Lewis & Clark Community College filed a breach of contract complaint against Blue Bird Corporation in Madison County Circuit Court June 24, alleging it delivered a completely different motor coach than what was contracted for.
Lewis & Clark claims that on July 9, 2003, representatives of the college sought to purchase a 2004 Blue Bird Wonderlodge Motor Coach from Blue Bird causing Bryan Hays, Blue Bird's Director of Sales and Marketing, to send a letter and invoice to the college to confirm the agreement and purchase.
According to the college, it sent a deposit for the "2004 Blue Bird Wonderlodge 38' M380 prototype" to Blue Bird's headquarters in Fort Valley, Ga. and on July 31, 2003, issued a check based upon the invoice that was sent to them.
According to Lewis & Clark, on Aug. 14, 2003, it issued another payment which caused Hayes to send a letter to the Illinois Department of Commerce and Economic Opportunity offering its support as a sponsor of the Illinois Lewis & Clark Bicentennial and in support of its sponsorship agreed to sell a "2004 Blue Bird Wonderlodge 38' M380 prototype"

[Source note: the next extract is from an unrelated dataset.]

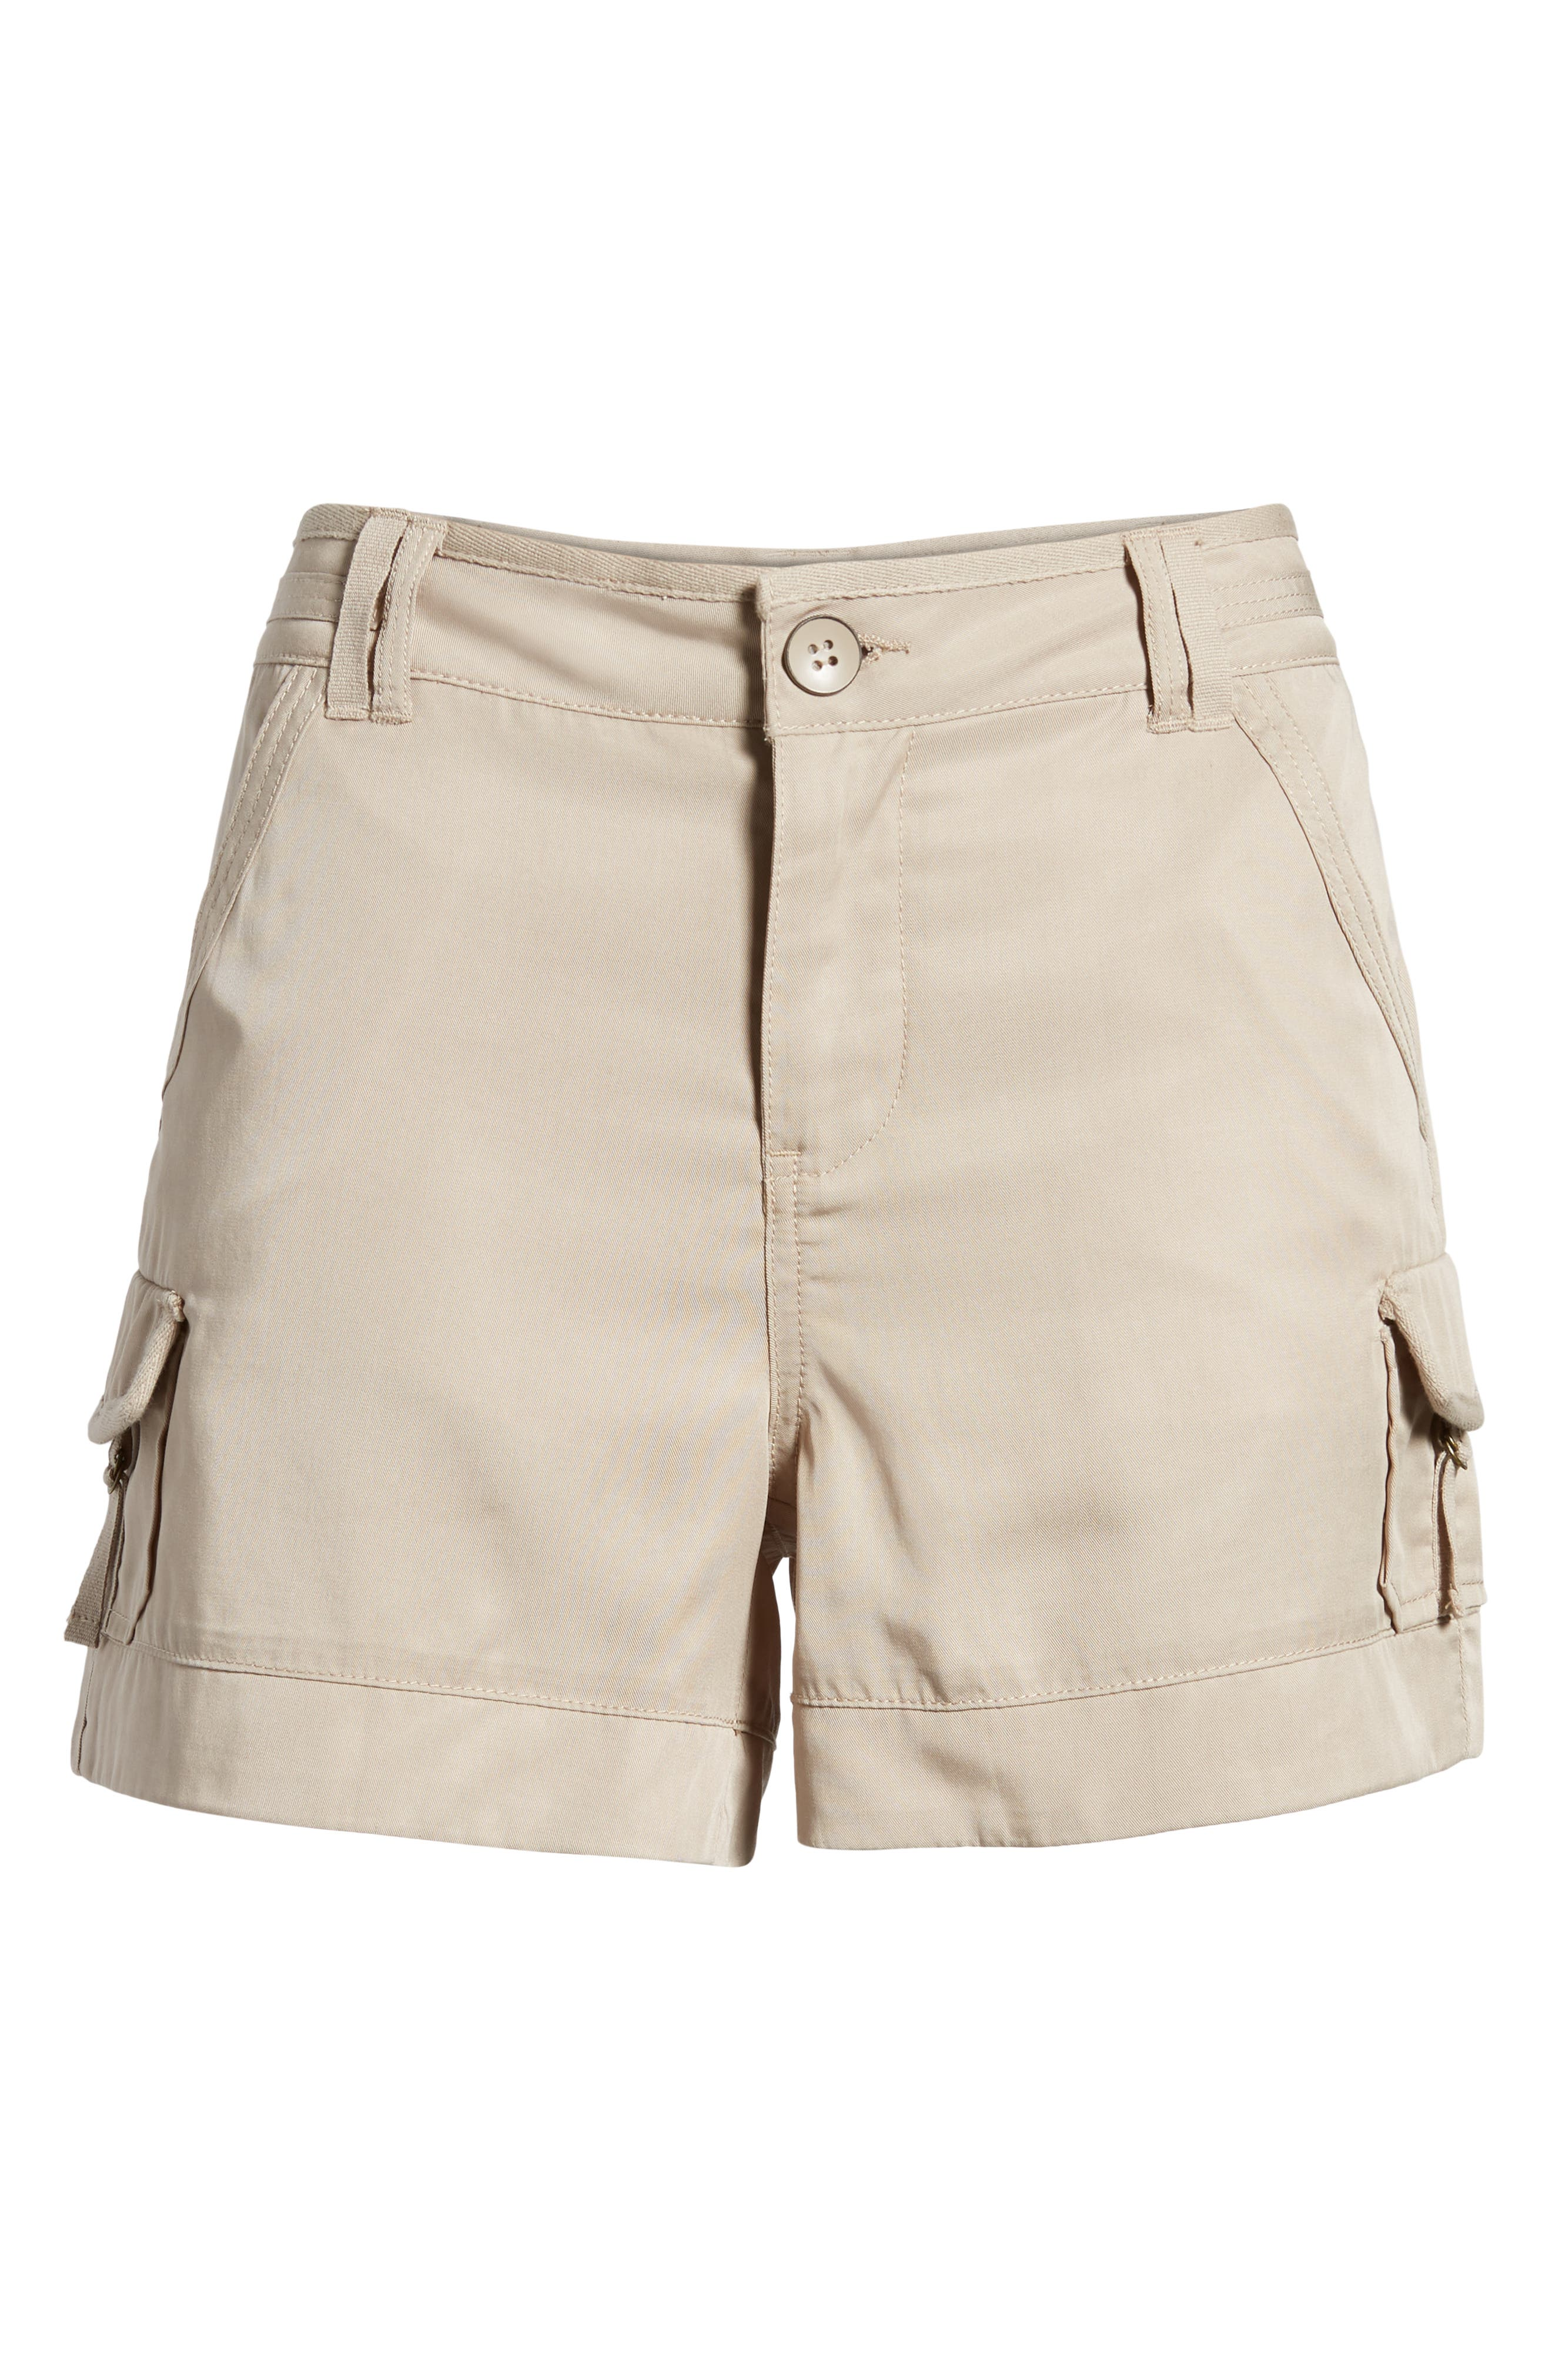 High Rise Tencel Shorts,                             Alternate thumbnail 23, color,

The college also claims a certificate of origin for a vehicle was transferred from Blue Bird for a 2003 Blue Bird model which contained completely different specifications than previously indicated.

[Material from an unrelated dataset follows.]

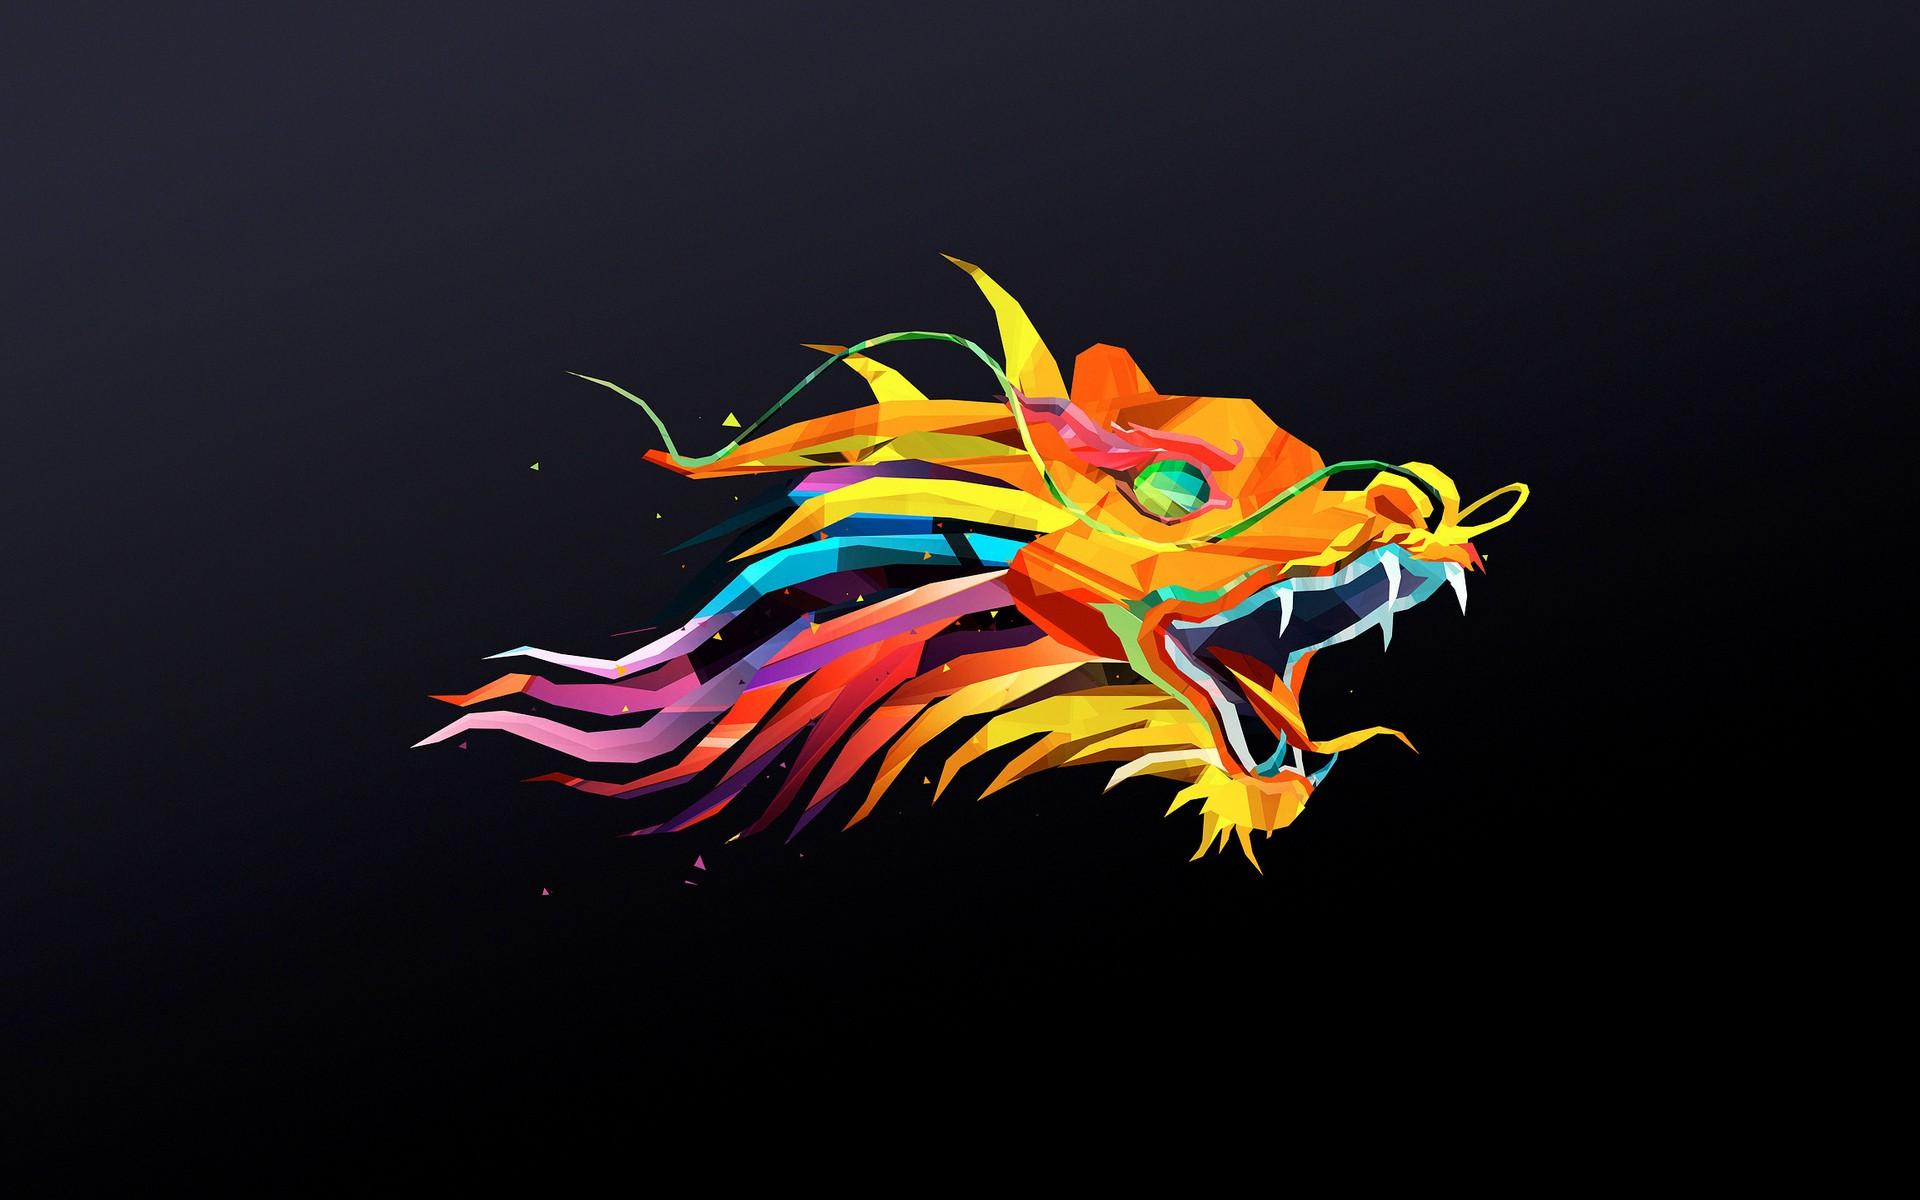 Wallpaper ilustrasi seni digital hewan latar belakang yang ilustrasi seni digital hewan latar belakang yang sederhana abstrak gambar kartun naga aspek justin maller wallpaper altavistaventures Images

"Blue Bird Corporation knew that they delivered a different Blue Bird Wonderlodge Motor Coach that what plaintiff contracted for," the complaint states.
Lewis & Clark claims Blue Bird made statements which were false and with the intent of deceiving and defrauding plaintiff and inducing it to pay for a different vehicle.

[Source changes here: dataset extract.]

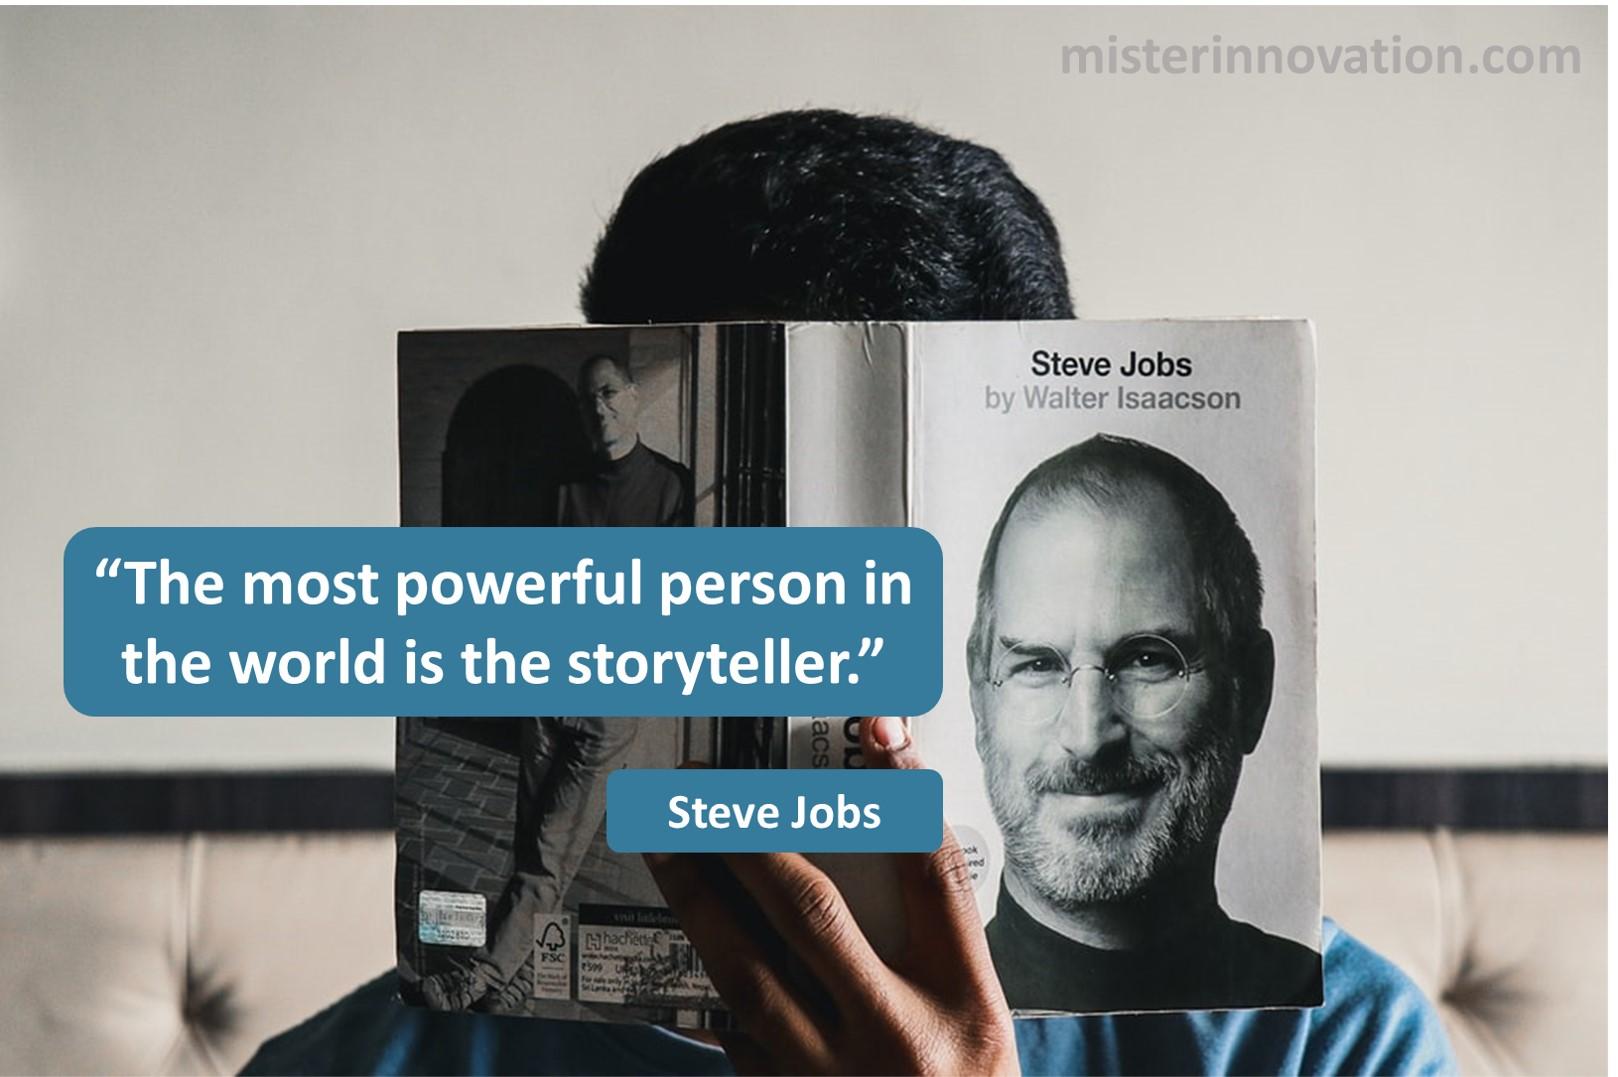 Steve Jobs Storyteller

The college also claims Blue Bird violated the Illinois Consumer Fraud Act and is entitled to statutory remedies made available under the act.
"By failing to disclose material facts, defendant reasonably knew and intended that plaintiff would be deprived of the opportunity to obtain a similar motor coach from another company," the complaint states.
"By concealing the material facts alleged, Blue Bird engaged in a deceptive practice which constitutes unlawful, unfair and fraudulent business practices within the meaning of the Illinois Consumer Fraud Act," the complaint also states.
Represented by Rodney Caffey of the Lakin Law Firm in Wood River, Lewis & Clark is seeking damages in excess of $50,000, plus costs.
The case has been assigned to Circuit Judge David Hylla.